I remember cutting chart paper (thin card stock), then corrugated cardboard which was easy unless you were cutting perpendicular to the grooves and finally heavy card which, I agree was finger bruising. There's also some amount of fun in improvising tools from what you have around you. I'm wandering dangerously close to the "back in my day" territory but nevertheless. I think there's a place for childrens tools that are close enough to the real deal but still safe. However, going too far away from the real deal makes it just a toy.
I got my son some balsa, sandpaper and a sharp knife. I also got him a pair of gloves which were resistant to the blade. Showed him how to use all of those and he's quite good with his hands. Carved a few trinkets for his friends.
I remember an article about, I think the Inuit, exposing their kids to cutting tools early on in their lives. Can't find the link. Perhaps there's some kind of optimal point in between that balances between "real" and safe.
With proper education, children (obviously) are safe around tools... Louis Braille notwithstanding. We've had sharps for 40,000 years. Use this one. Don't touch that one until you're bigger. Same as crossing the road: small ones OK; big ones DO NOT GO THERE.
The problem lies in the words "proper education". Dropped off at school is not sufficient, so kids get blunt scissors that will barely cut.
Your mind will play tricks on you, the last thing you'll think before the accident is 'this is safe'. In machining a technique to fight that thought is - don't touch anything with your finger that you wouldn't touch with your 'pecker'. With falling asleep while driving you'll often think a little nap wont hurt - an absolutely ridiculous thought in hindsight but you're not working with 100% of your faculties 100% of the time.
There are many activities where accidents are rare but severe resulting in overconfidence. In activities like motorbike riding or gliding aircraft people will convince themselves that they're skilled enough when all that has happened is that they've been lucky, and given enough instances their luck will eventually run out. Knowing the stats can help avoid confusing luck with skill.
I generally study the stats and even I get caught out, usually when working while fatigued so I simply have to refuse to work when that happens - the accidents are not worth it.
My woodworking teacher in highschool was missing two fingers on his right hand. I don't think anyone is 100% safe around tools, child or adult, educated or otherwise. Life's about risks and how you manage them.
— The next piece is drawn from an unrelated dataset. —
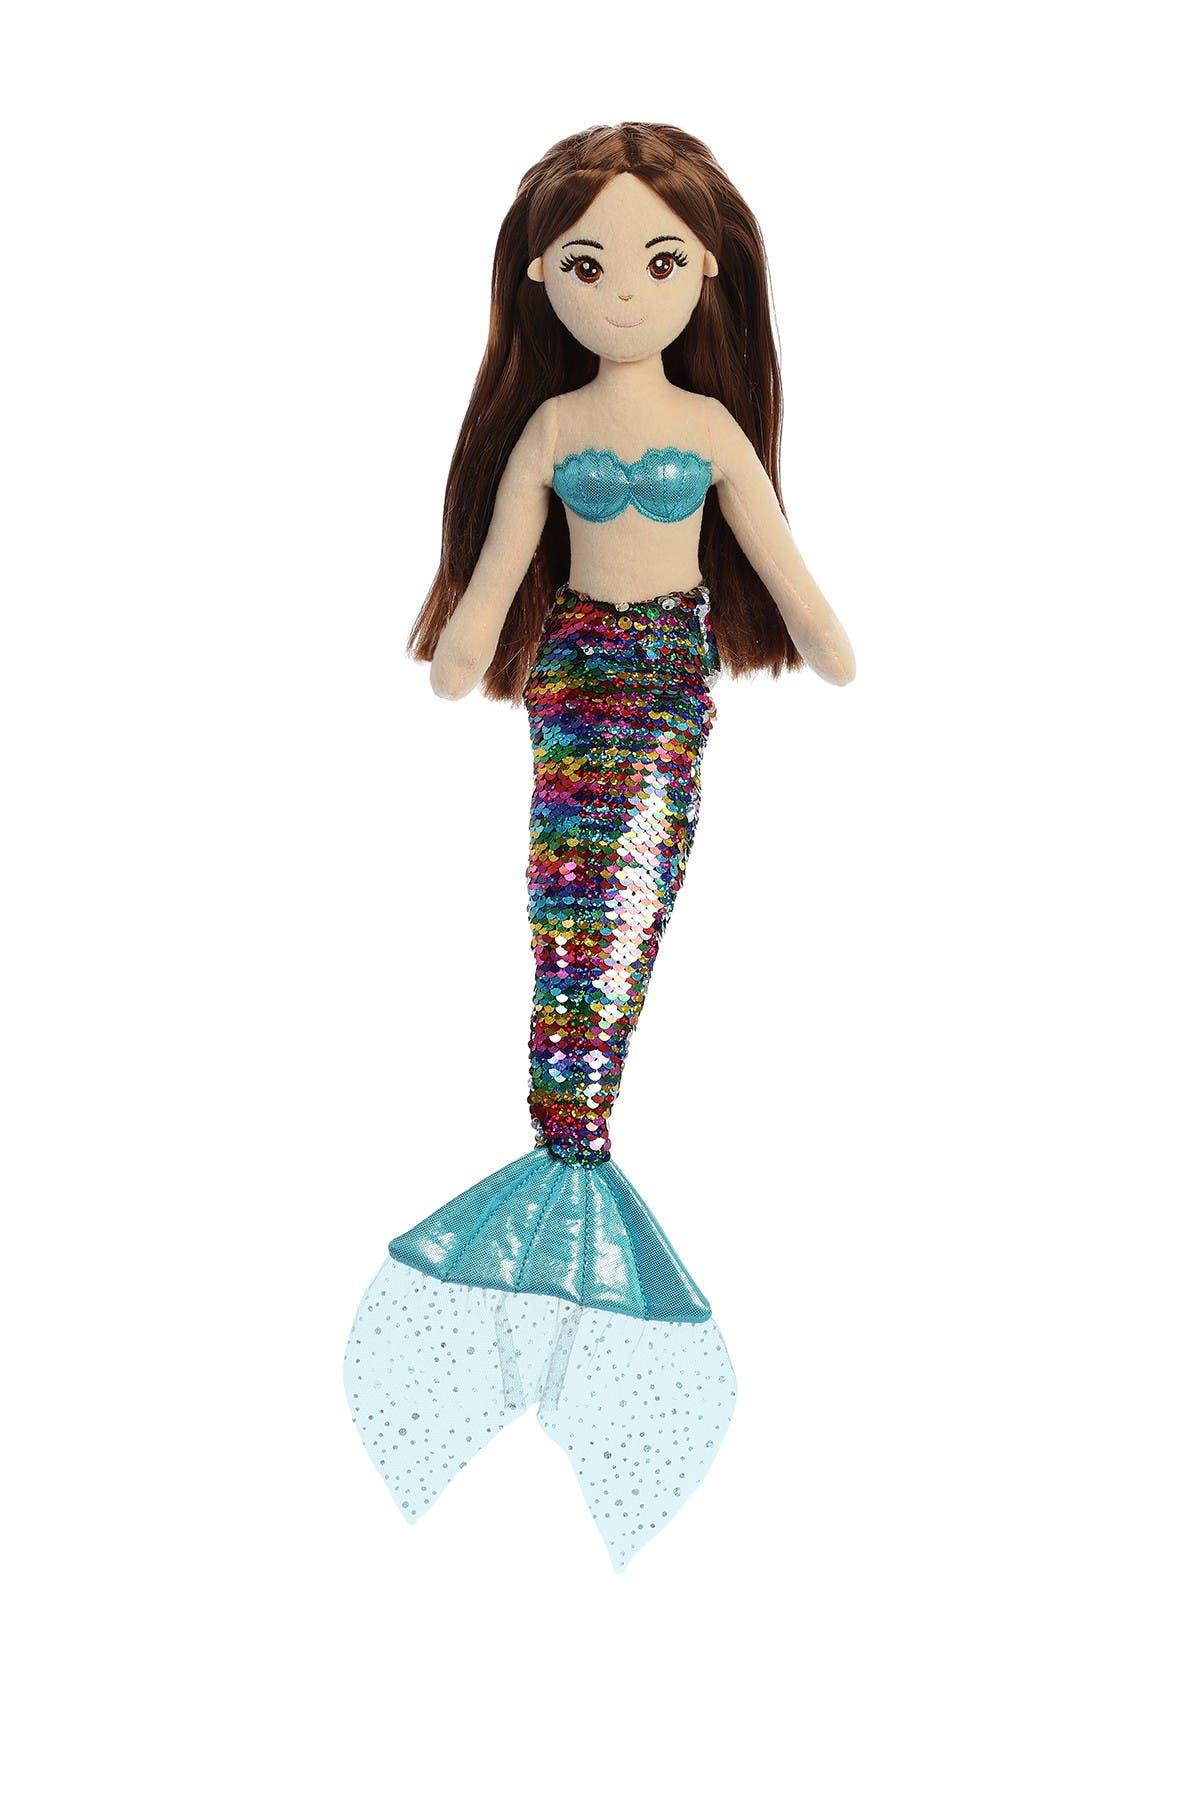 Image of Aurora World Toys Sequin Sparkles Mermaid

Which is not to say that kids can't be trusted to use tools! It's just that they're probably more vulnerable to overconfidence and complacency than adults, who are by no means safe from these things themselves, so it's probably better to let them cut themselves once or twice on a sharp knife before you let them use something with more permanent consequences, like a bandsaw.
In my observations the most overconfident and complacent tool users are the ones with the most experience, not the least. But perhaps it depends on the kid.
I probably stated that the wrong way. I think kids are more prone to overconfidence at any given skill level than adults, and checking in on them helps reduce the risk. It also helps for adults, but we're mostly not responsible for what adults do.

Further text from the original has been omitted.